Reproduction and developmentEdit
The Polecat is a seasonal breeder, with no courtship rituals. During the mating season, the male grabs the female by the neck and drags her about in order to stimulate ovulation, then copulates for up to an hour. The species is polygamous, with each male polecat mating with several females. Unlike with other small mustelids, there is no induced ovulation, with pregnancy occurring immediately after mating. The gestation period lasts 40–43 days, with litters usually being born in May-early June. Each litter typically consists of 5-10 kits. At birth, the kits weigh 9-10 grams and measure 55–70 mm in body length, and are blind and deaf. At the age of one week, the kits are covered in silky, white fur, which is replaced with a cinnamon brown-greyish woolly coat at the age of 3–4 weeks. Weaning begins at 3 weeks of age, while the permanent dentition erupts after 7–8 weeks. The kits become independent after 2–3 months. Females are very protective of their young, and have been known to even confront humans approaching too closely to their litters.

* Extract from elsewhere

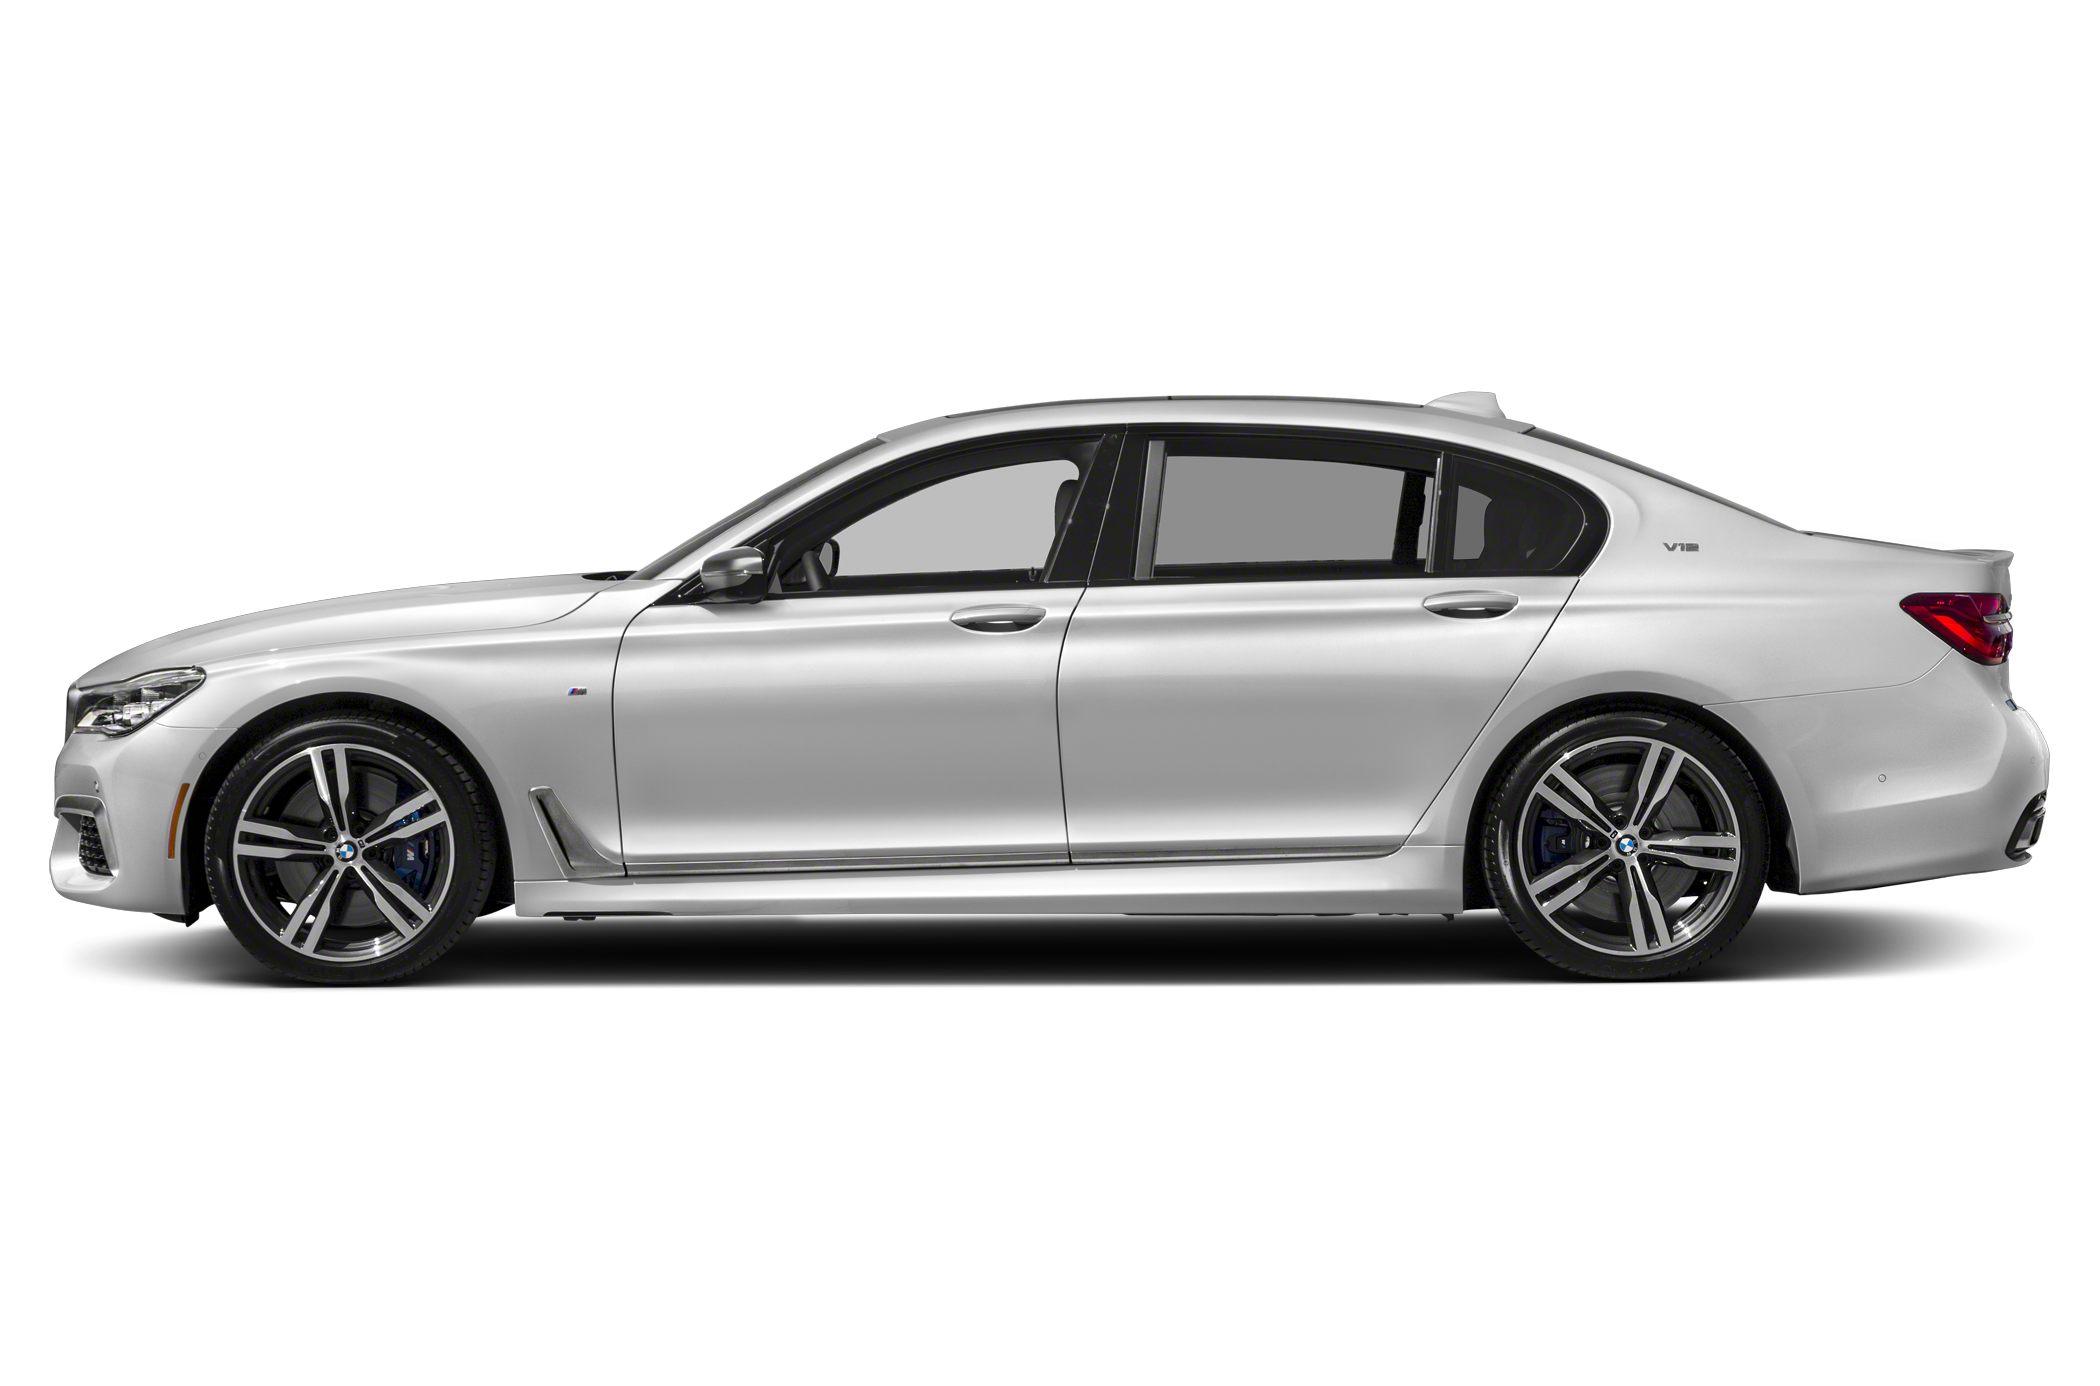 2018 BMW M760 Specs, Pictures, Trims, Colors || Cars.com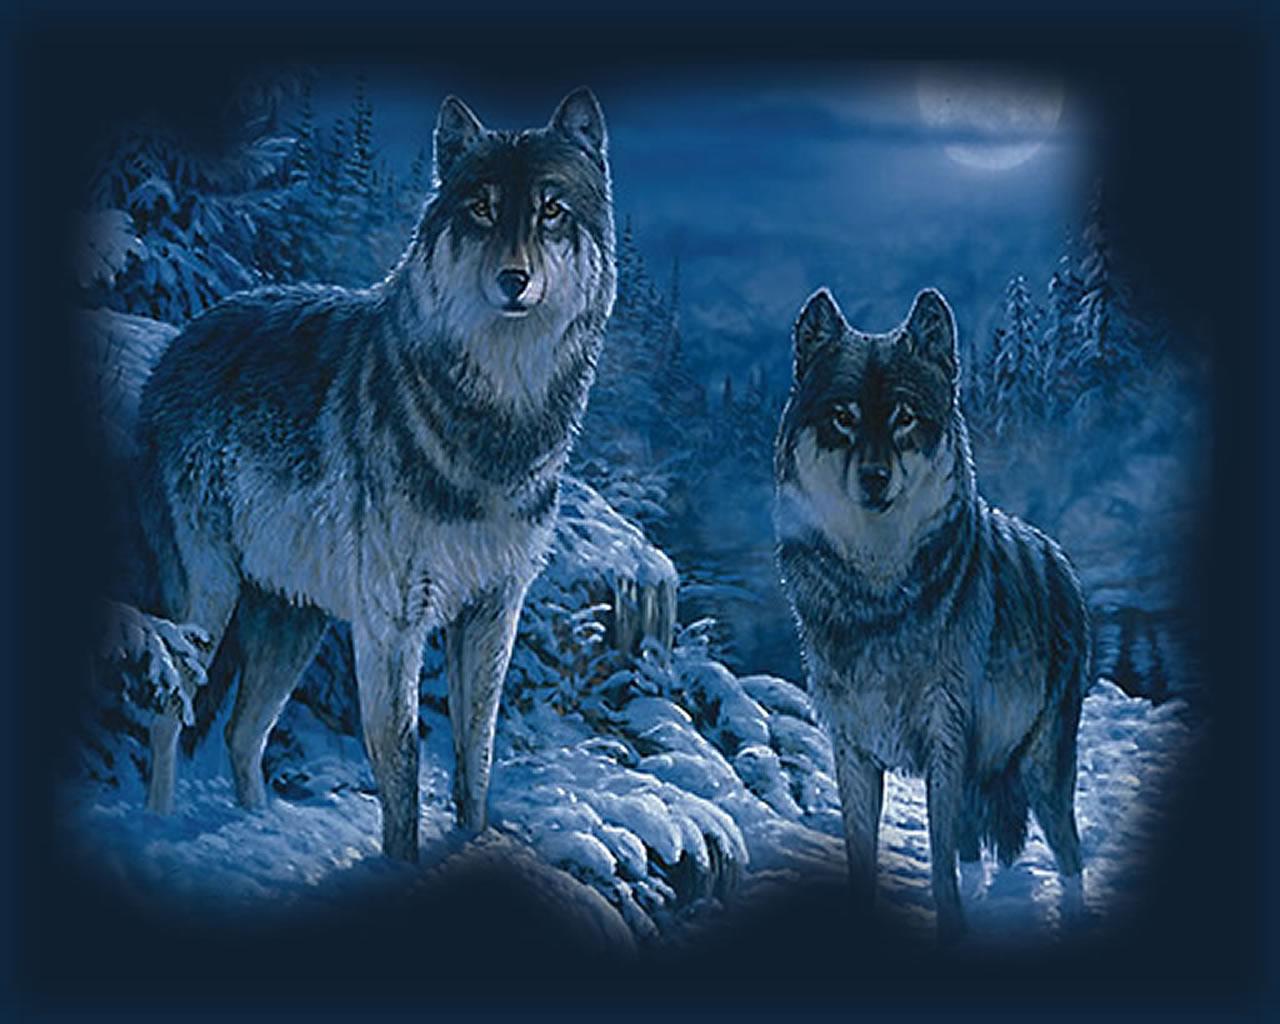 download wallpaper: wolven in de sneeuw wallpaper

The Polecat's main source of food consists of mouse-like rodents, followed by amphibians and birds. In large river floodlands, water vole are commonly preyed upon. In winter, amphibians become an important food item. However, because amphibians have little calorific value, the polecat never grows fat on them, no matter how many it consumes. Bird species preyed upon by the European polecat include chickens, pigeons, quails, grey partridges, grouses and various small birds. Some species preyed upon by the polecat only rarely include European hedgehogs, grass snakes and insects. In the British Isles, it commonly kills brown rats and European rabbits, and is capable of killing larger prey such as geese and hares.

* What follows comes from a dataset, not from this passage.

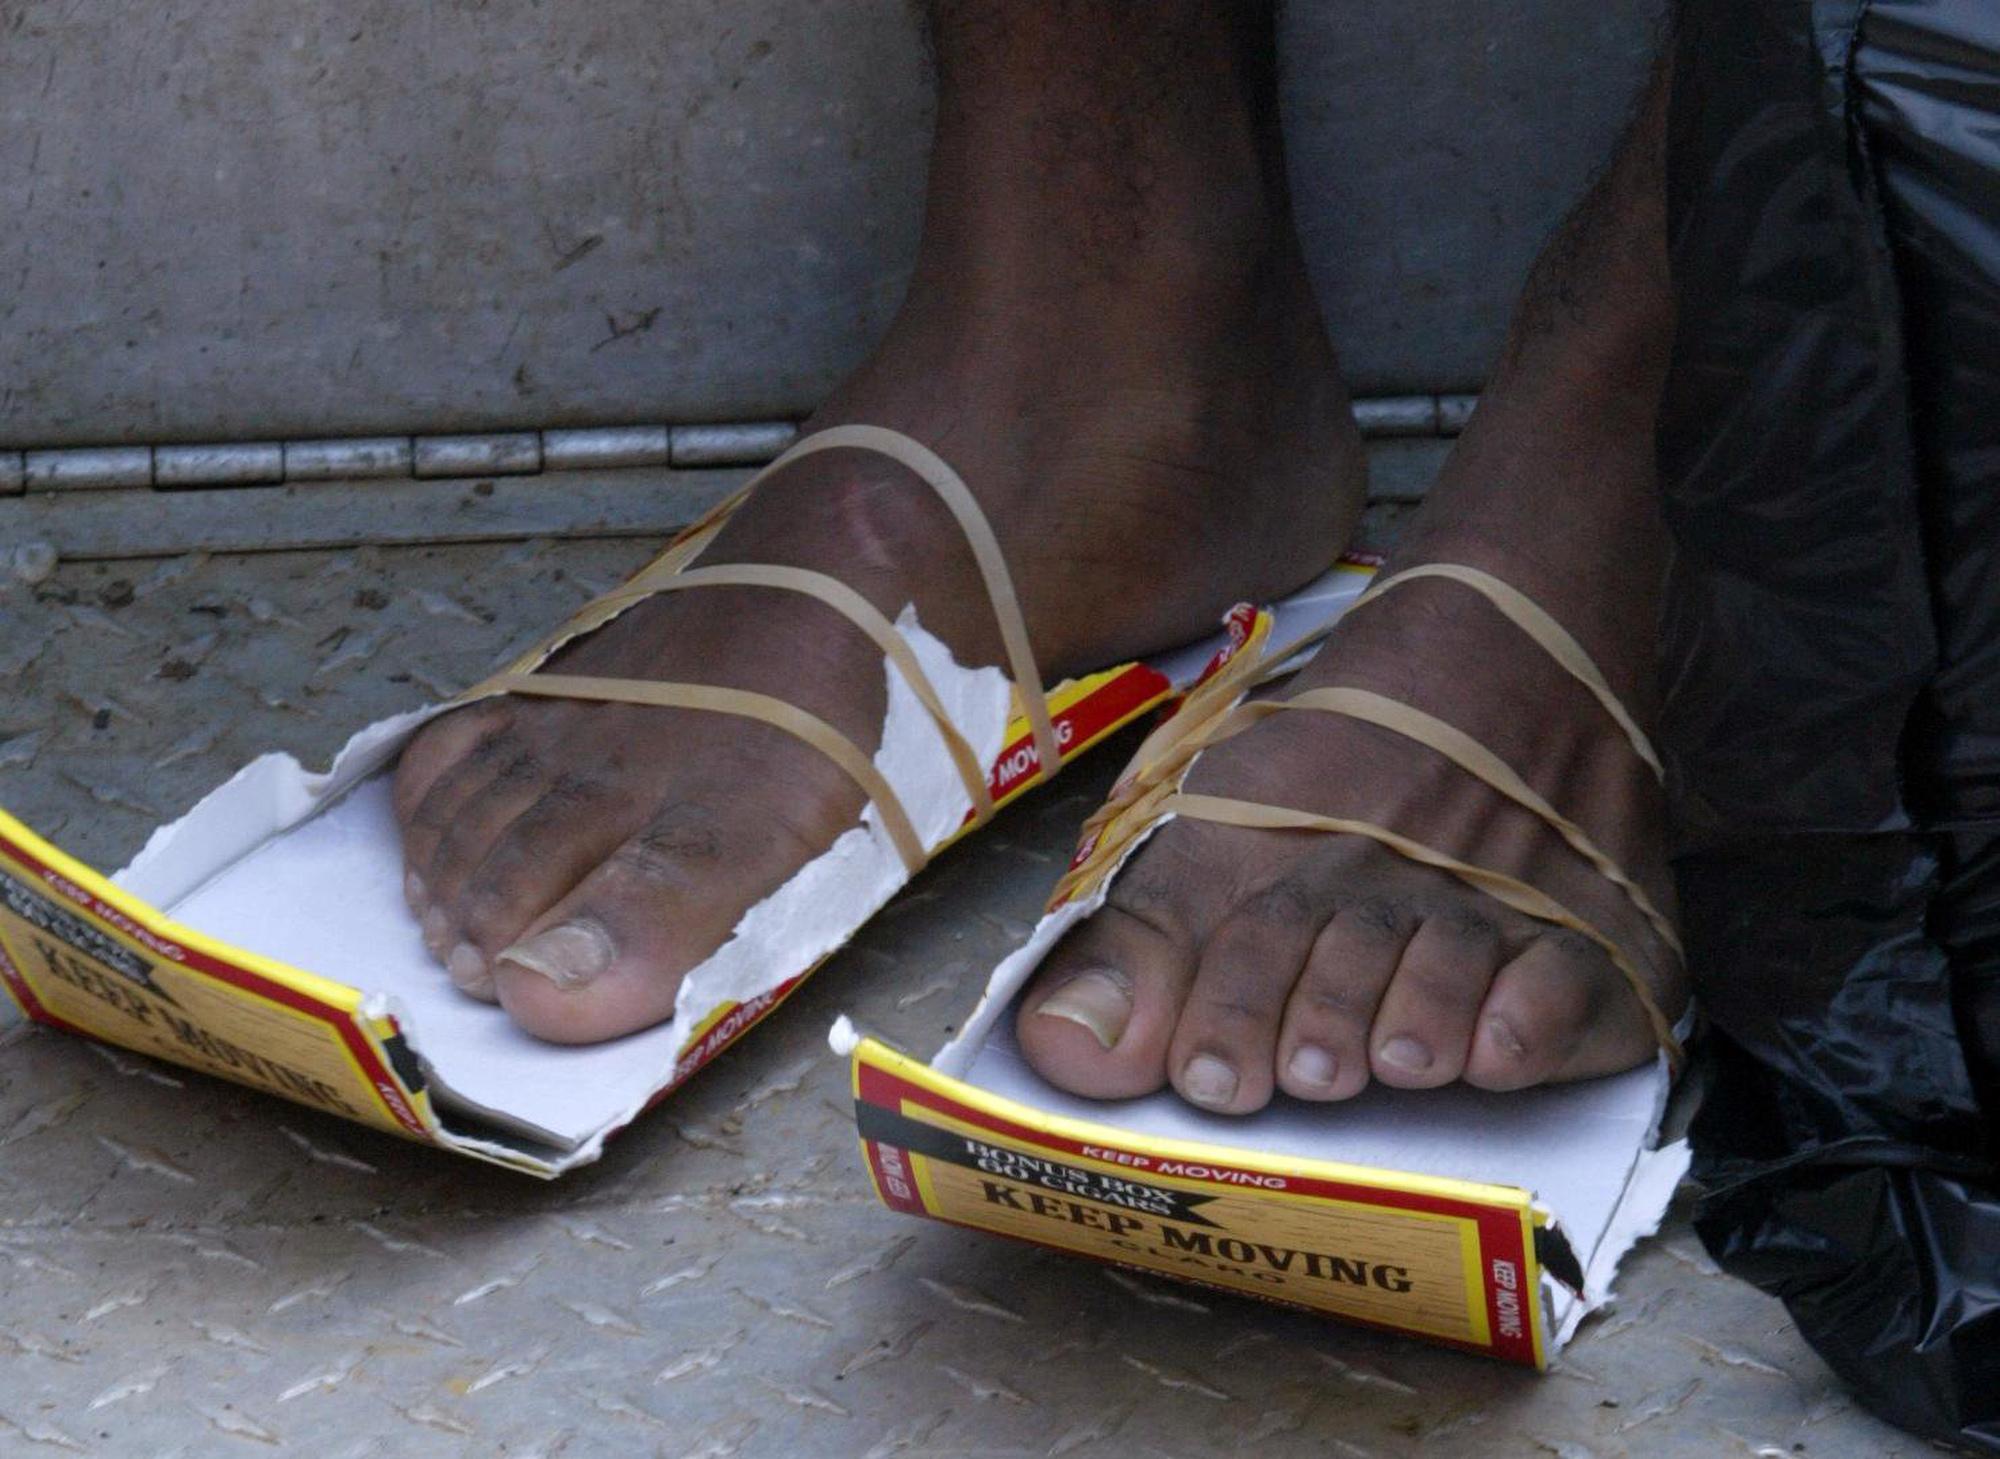 Цветной, картинки прикольные с обувью

One polecat was reported to frequently wait at a riverbank and catch eels, which it took back to its burrow. The polecat feeds on eels mostly during lengthy frosts when eels, unable to breathe air at regular intervals because of the ice, congregate at breathing holes. Unlike the stoat and weasel, the polecat readily eats carrion. The Polecat hunts its prey by stalking it and seizing it with the canine teeth, killing the animal with a bite to the neck. This killing method is instinctive, but perfected with practice. The polecat sometimes caches its food, particularly during seasonal gluts of frogs and toads. Sometimes, the polecat does not kill these, but bites them at the base of the skull, thus paralyzing them and keeping them fresh for later consumption. During the winter period, when live prey is scarce, the European polecat may raid beehives and feed on the honey.